The scientific publication system is simple. Once scientists have written a paper about their science, they send their work to a company called a publisher. The publisher then gives other scientists (called reviewers) internet points to determine whether it is worth their time to publish. If the reviewers decide the paper is good enough, the publisher will generously allow the authors to pay the journal to put the paper on their website. There is, of course, another fee if the authors want people to be able to read their paper without paying a further toll.
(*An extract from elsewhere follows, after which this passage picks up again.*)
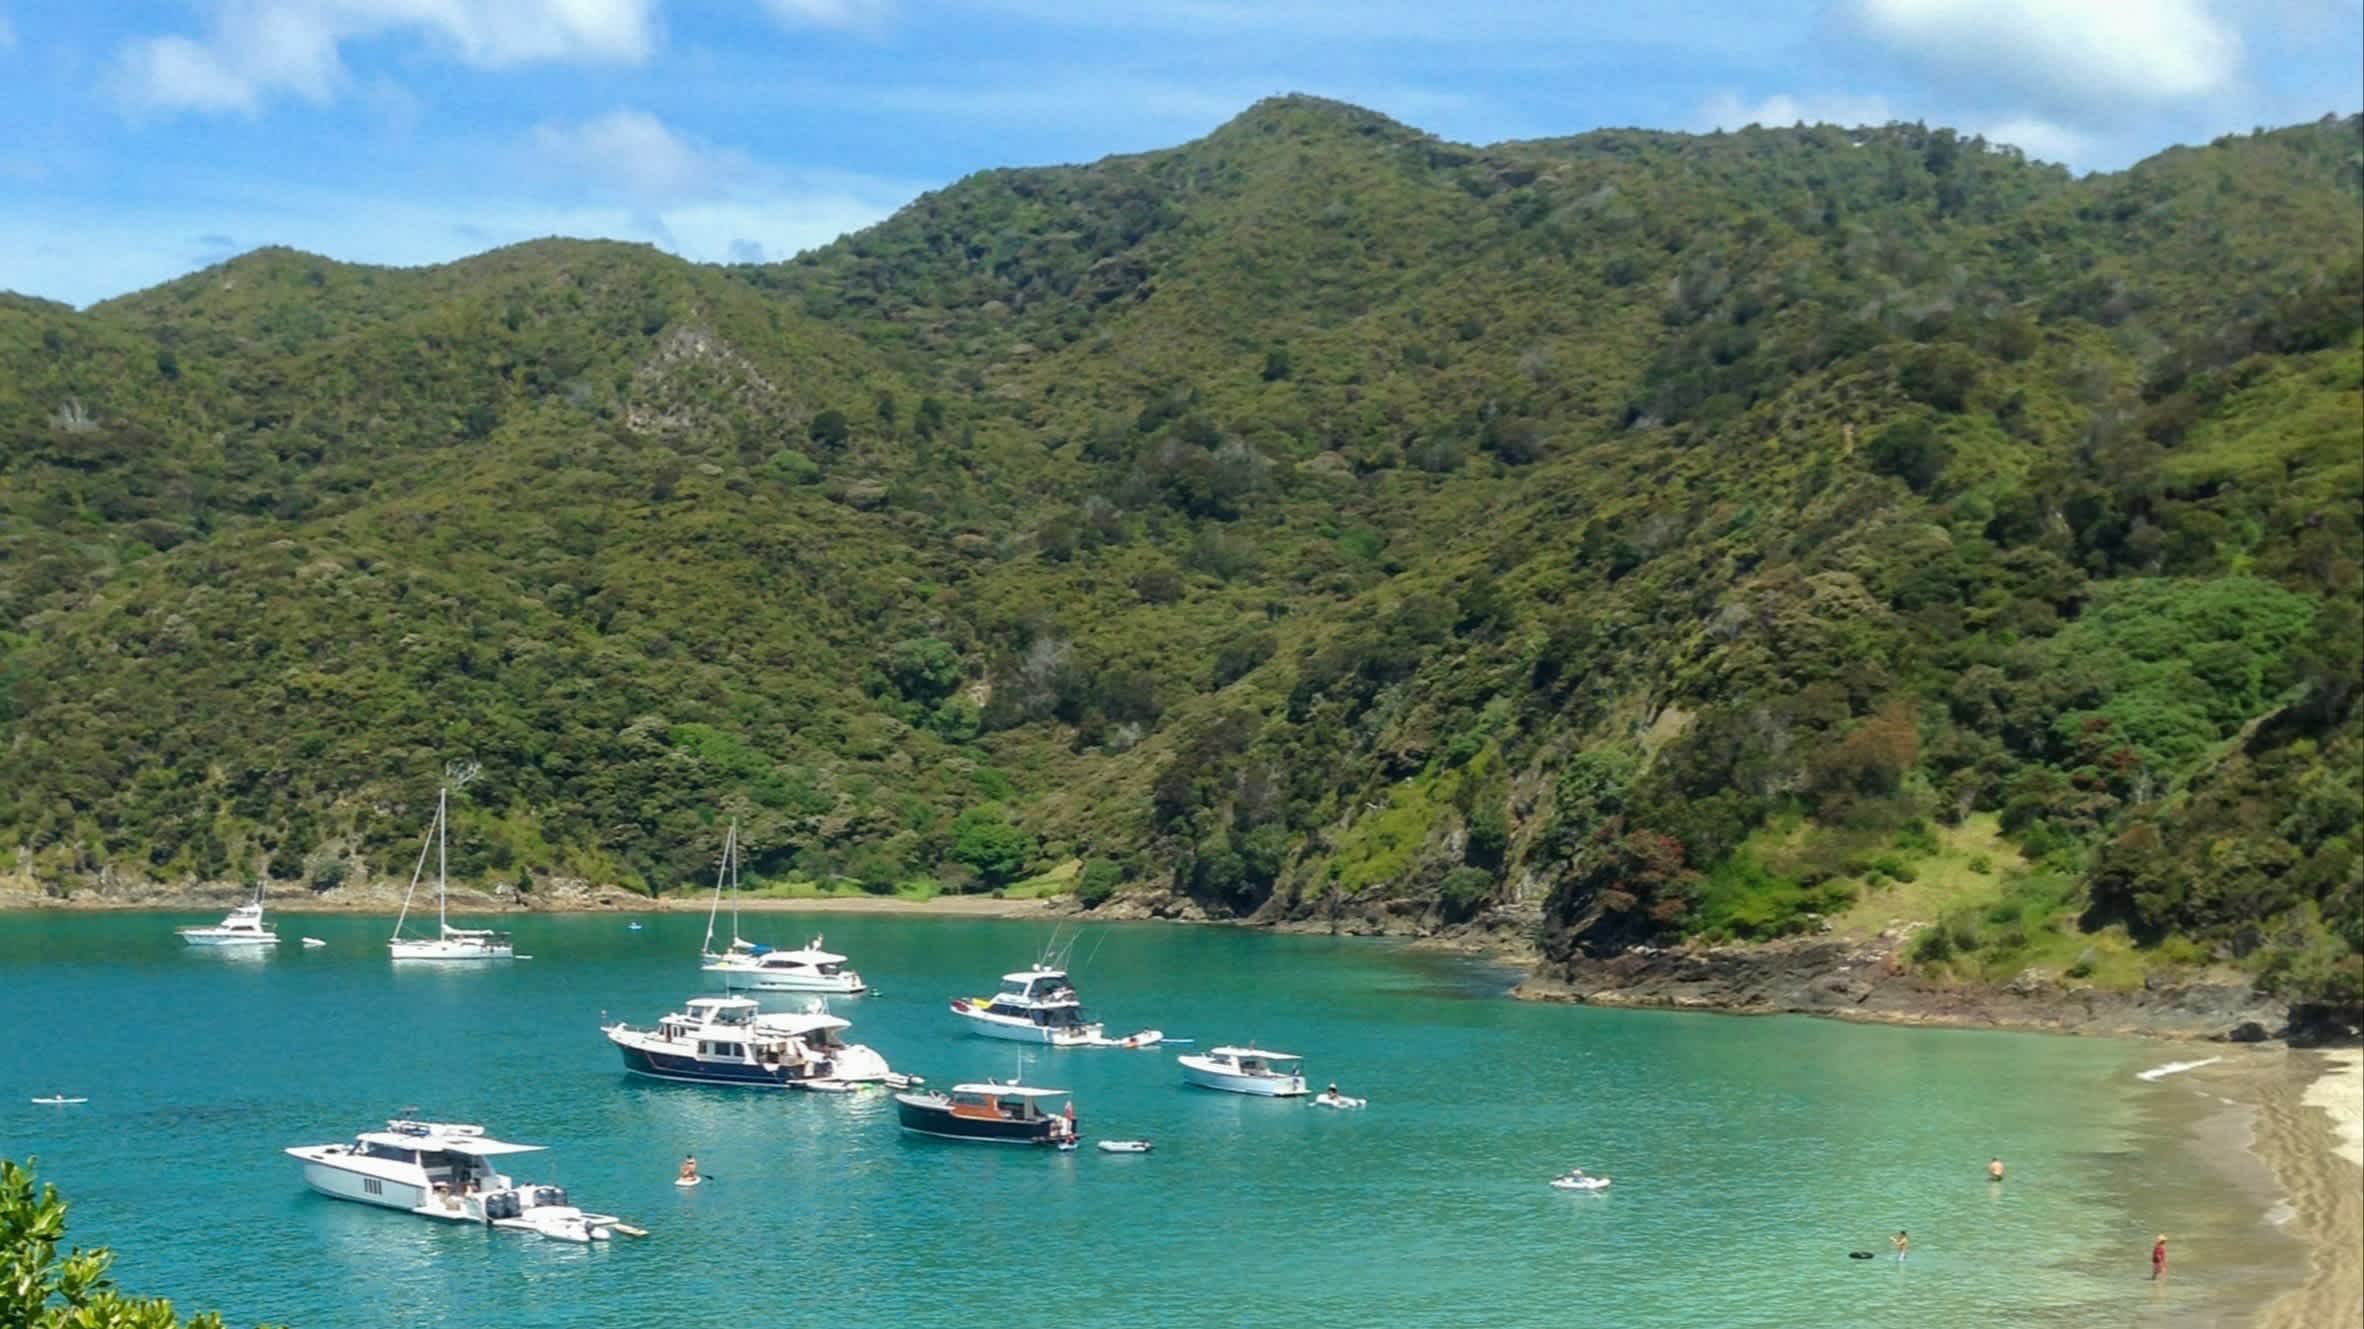 Blick auf die Bucht Oke Bay, Bay of Islands, Neuseeland, bei Sonnenschein und mit Booten im Wasser sowie grünen Hügeln und dem türkisfarbenem Meer.

It wasn’t always this way, though.

Historically, scientists communicated to the public through books and communicated to each other with letters. Then, around the 17th century, scientific societies were formed to “share their results in person, and presumably consume alcohol.” Over time, these societies began to publish periodicals, which were the precursors to modern academic journals. However, the publication system we have today is largely a result of the expansion and codification of academia in the decades after WWII1.

The present-day academic publication system is inefficient, and the costs of this inefficiency are borne both by scientists and society as a whole. Fortunately, with the advent of the internet, several alternatives have arisen. This post discusses issues in the current publication system and what the future of academic publishing might look like.

The Present

Paper Ownership
When a paper is published in a journals, the publisher typically ends up owning it2 . In the past, this meant that only people who paid the journal’s access fees were able to read papers. After pushback (and an NIH mandate), it is now possible to read some publicly funded research for free (after an embargo) through PubMed Central3. Of course, the publisher still keeps the copyright, so only a subset of published articles are available for research via text mining.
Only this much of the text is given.